THE STORY
Lucy believes she is the last person alive—the final inhabitant of the vast Cheyenne Mountain bunker. Once a military ark built to outlast the end of the world, it has become a sterile mausoleum humming with machinery that will survive long after she is gone. Her only connection to the life she loved is a time-travel chamber that tears her back for twelve hours at a time. Never long enough to change anything, but always long enough to hurt.
She returns for fragments she cannot bear to lose: the taste of real coffee, Roger's laugh, the warmth of her found family. Each jump ends in violent agony. Each return leaves her weaker. The past cannot be repaired, yet she keeps reaching for it.
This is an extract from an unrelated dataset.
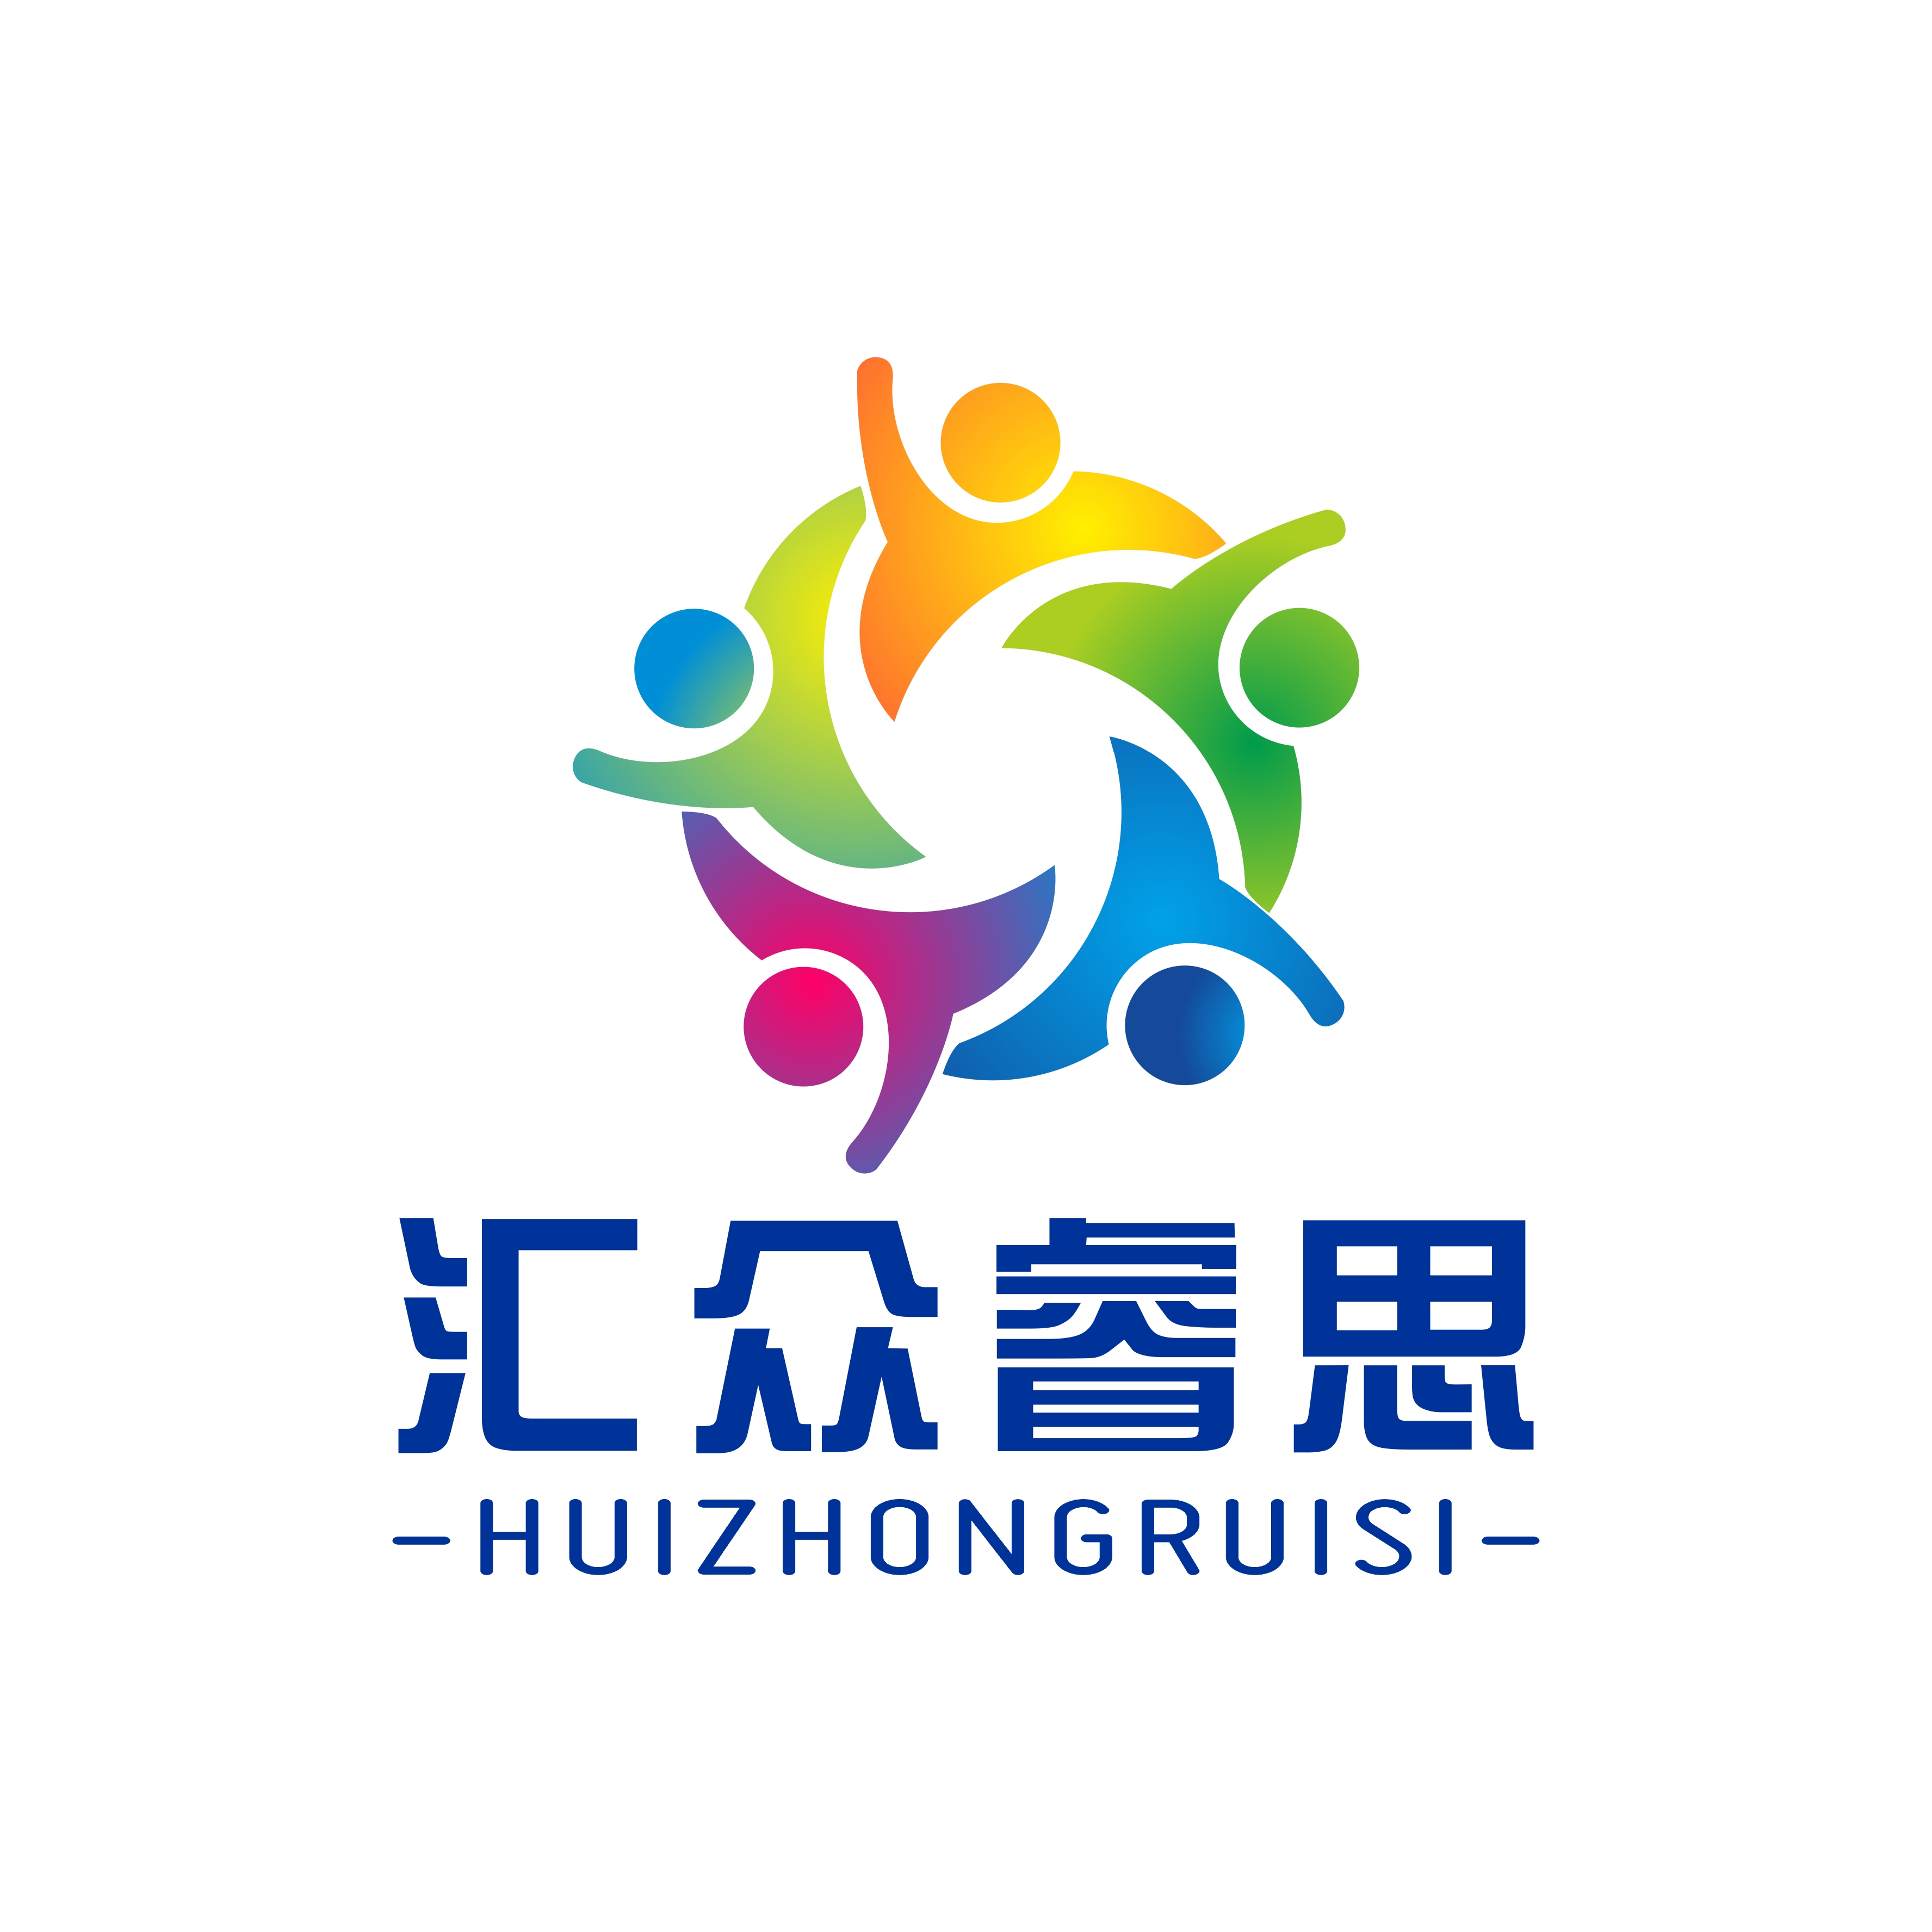 Huizhongrs

Memory crashes over her in fragments. A sunlit café where she first met Roger. Moving in together. Wedding plans. Then the slow unraveling as the world edged toward collapse. Lucy tries again and again to warn them. Each jump places her inside moments she can witness but never redirect.
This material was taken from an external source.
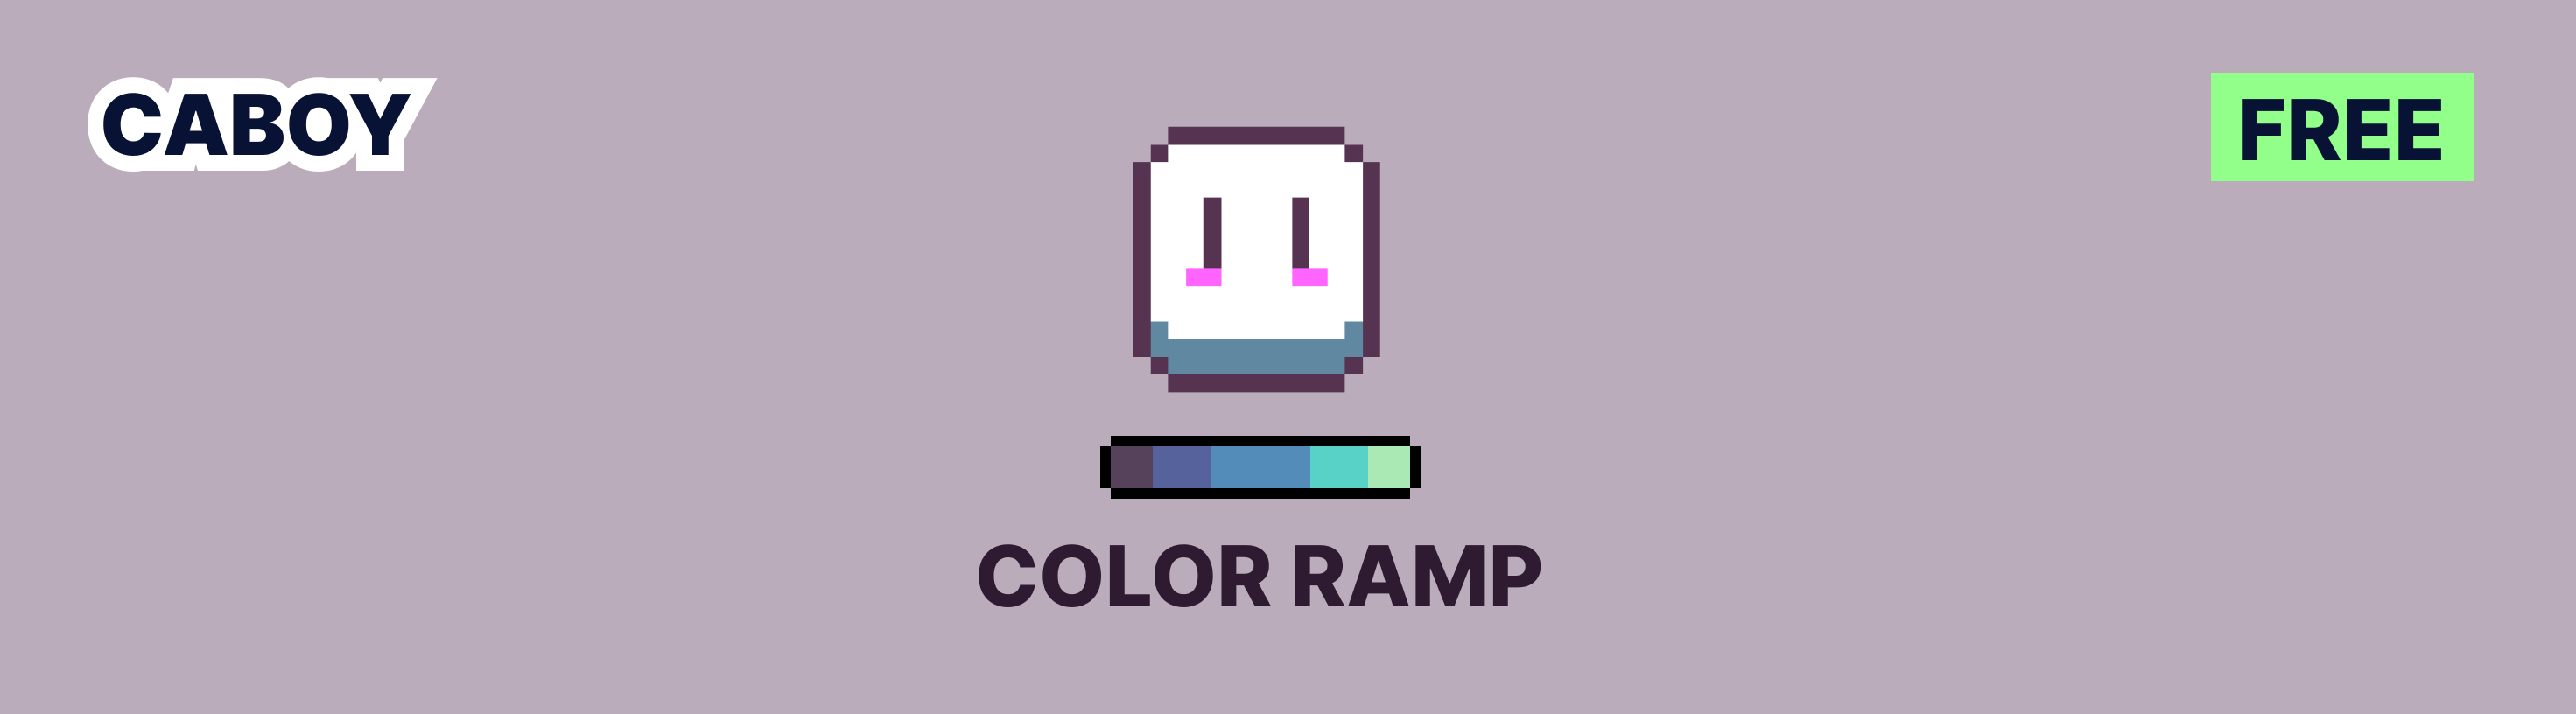 Aseprite Color Ramp Script (Color Hue v1.0)

Everything shifts the day she sees movement on the surveillance monitors. Three figures stand at the mountain entrance. Three children—Tom, sharp and determined; Grace, perceptive and steady; little Lu, wide-eyed and curious. For them the bunker is mythical. For Lucy their arrival is an earthquake.
They break her decade of silence with simple needs. Hot water. Food. Crayons. Music. Their presence introduces something Lucy has long suppressed: connection. As a fragile sense of community begins to form, Lucy is forced to confront a question she has avoided for decades. Is survival enough if you are still living in yesterday?
With the children looking to her for answers, and the machine still humming in the dark, Lucy stands at a threshold she can no longer ignore. Will she make one more jump into what she has lost, or risk stepping toward a future she cannot control?